Thursday, January 7, 2010

Pets vs Kids

I have three kids and one cat (against my will, but here we are. The cat, not the kids.).  I don't understand people who have no kids and only pets and think the two are comparable. Really? Our cat lives in the garage.  We give it food and water every two or three days and it came potty-trained. Wait- did I just describe a cat or a kid? I get so confused...
Dan had a boss who was not married, but had a live-in girlfriend and they bought a kid dog. Dan had mentioned how sleepless his nights were and how much attention our baby (our oldest) required. His boss said, "I know what you mean! Our dog blah blah blah." Stop. Don't even try to compare my baby to your animal. They are not the same.  They will never be the same, no matter what you may think, ok?  Talk to me after your first kid, then MAYBE I'll be more sympathetic when you complain aobut your doggy and his naughty antics.
 Even though there's no fur or cute waggely tail, my child will give me hugs and say, "I  wuv you, Mommy." What does your dog say? I thought so. Barking and licks from a tongue (a tongue that also licks its behind and eats poop, mind you) don't count.

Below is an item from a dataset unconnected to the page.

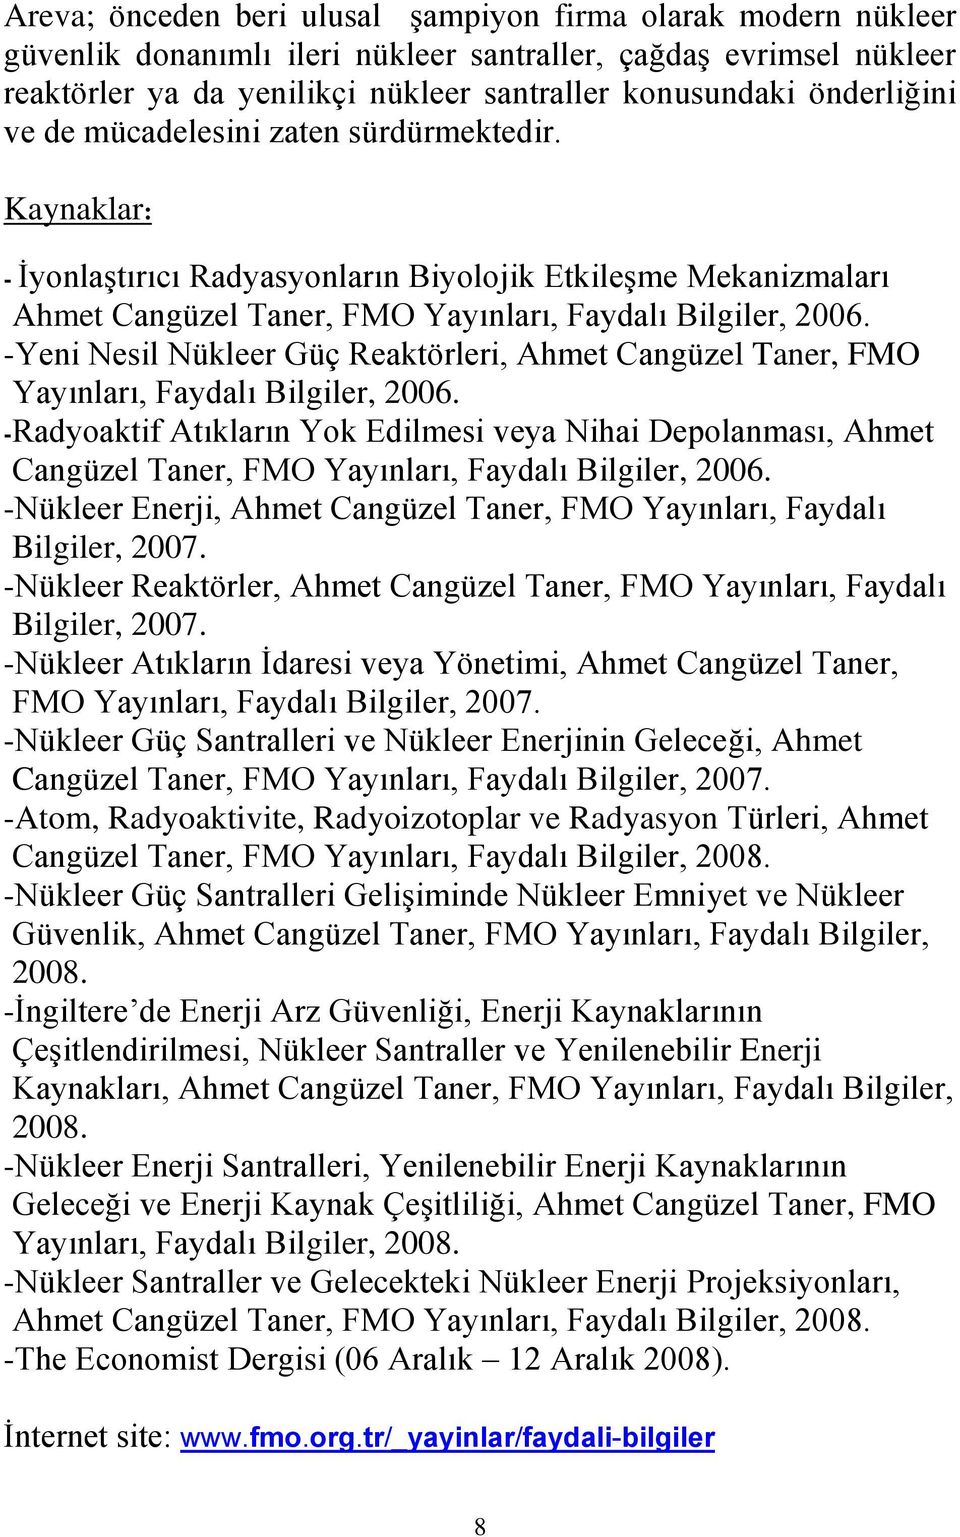 -Yeni Nesil Nükleer Güç Reaktörleri, Ahmet Cangüzel Taner, FMO Yayınları, Faydalı Bilgiler, 2006.

I have to go; the cat needs a diaper change.


  1. This is one of my "pet" peeves. And yet...I don't feel responsible enough to have a dog. What the heck?

  2. Except my dog is better behaved than my kids. He'll even go put himself to bed (in his crate!) at night when he gets tired. Find me a child that will do that! (Falling asleep on the couch does not count.)

    And my dog does say "I love you," it's just in that Scooby Doo voice.

  3. Okay, I just have to add, for the record, --none of my kids have ever chewed up any of our trees or our shoes, so they are still better.